2. There is no excess demand or excess supply of labour in this market.

If the wage were set above W*, there would be an excess supply (unemployment), forcing wages down. If the wage were below W*, there would be an excess demand (labour shortage), forcing firms to bid wages up.

4.2 Equilibrium for the Individual Firm

Once the market establishes the wage W*, the individual perfectly competitive firm accepts this wage.

The firm hires labour up until its Marginal Revenue Product (MRP) equals the market wage (W*).
This ensures the market reaches an equilibrium that is both productively and allocatively efficient (in the absence of externalities, as per 3.3.3.2).

Key Takeaway: PCLM Equilibrium

The Market sets the wage (W*) based on DL and SL.
The Firm determines the level of employment (Lf) based on the rule \(W* = MRP\).

5. Determination of Relative Wage Rates

Relative wage rates refer to the wage paid in one job or occupation compared to the wage paid in another (e.g., the wage of an electrician relative to the wage of a teacher).

In a perfectly competitive environment, relative wage rates are determined solely by differences in the fundamental market forces (Demand and Supply) across different labour markets.

5.1 Factors Causing Differences in Labour Demand

Differences in demand for labour lead to differences in MRP, which affects the equilibrium wage.
The demand for a specific type of labour will be higher if:

- The final product price (P) is higher (leading to higher MRP).
- The Marginal Physical Product (MPP) of the workers is higher (e.g., due to better technology or superior skills).

Example: Wages for specialised software engineers are higher than those for assembly line workers because the value (P) of the software they create is extremely high, giving them a massive MRP.

5.2 Factors Causing Differences in Labour Supply

Differences in the supply of labour (or the barriers to entering an occupation) are the most significant reason for variations in relative wages. Supply differences relate to non-monetary considerations (3.3.4.2).

Occupations with low supply (e.g., because they require long training, special talent, or are highly undesirable) will command a higher relative wage. Conversely, jobs that are easy to enter, require minimal training, or are very pleasant will have high supply and lower wages.

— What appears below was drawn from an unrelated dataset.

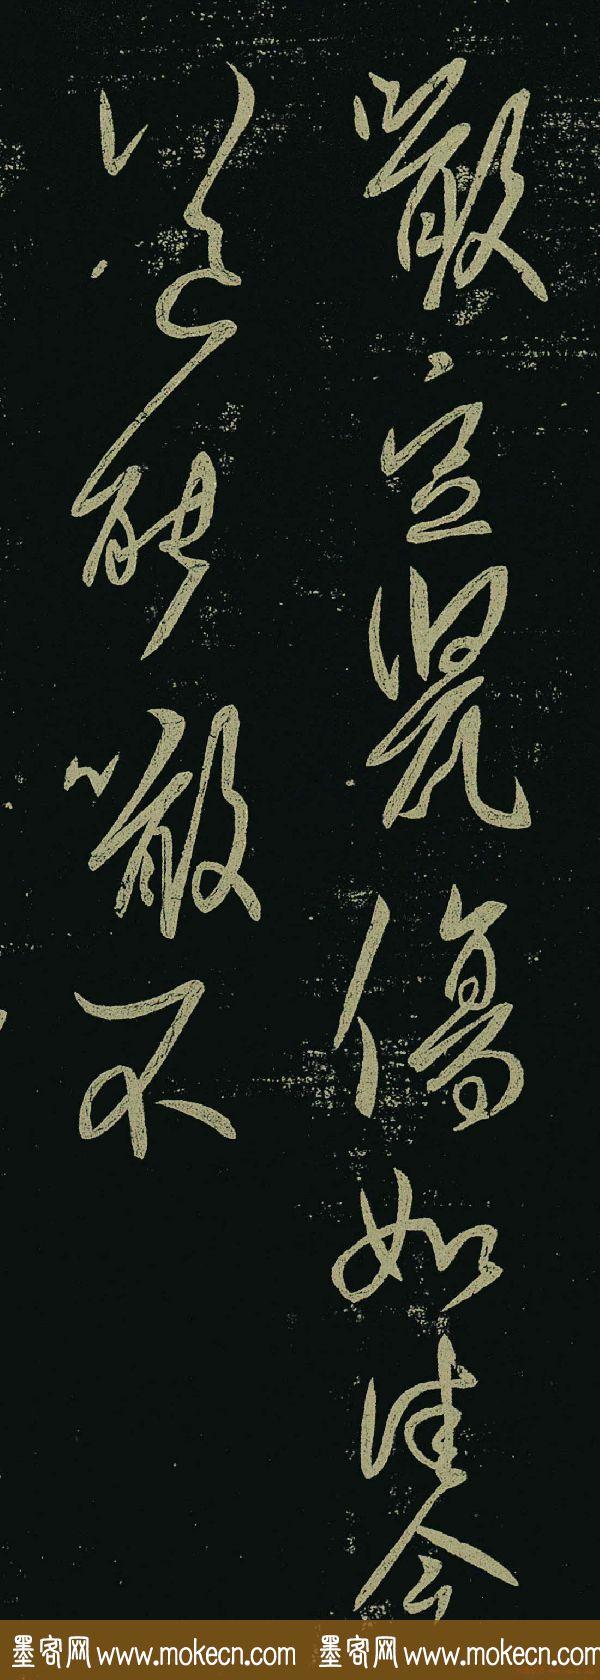 王羲之草书《啖豆鼠帖》

Key reasons for restricted supply (and thus higher wages):
1. Length and cost of training (e.g., doctors vs. retail assistants).
2. Scarcity of required talent or innate ability (e.g., professional athletes).
3. Danger, stress, or unsociable hours (non-monetary disadvantages).
4. Immobility (inability of workers to move geographically or occupationally).

Common Mistake Alert!

Do not confuse the market supply curve (which shows that a higher wage is needed to attract more people into the occupation) with the individual firm's supply curve in PCLM (which is horizontal, showing the firm can hire anyone at the market wage).

Summary Review: PCLM Wage Determination

Role of Market Forces: Market forces (DL and SL) are the sole determinant of wages in PCLM.

Relative Wages: Differences in wages between occupations are due to:
(a) Differences in MRP (driven by product price or productivity).
(b) Differences in the ease of entry/attractiveness of the job (driving differences in supply).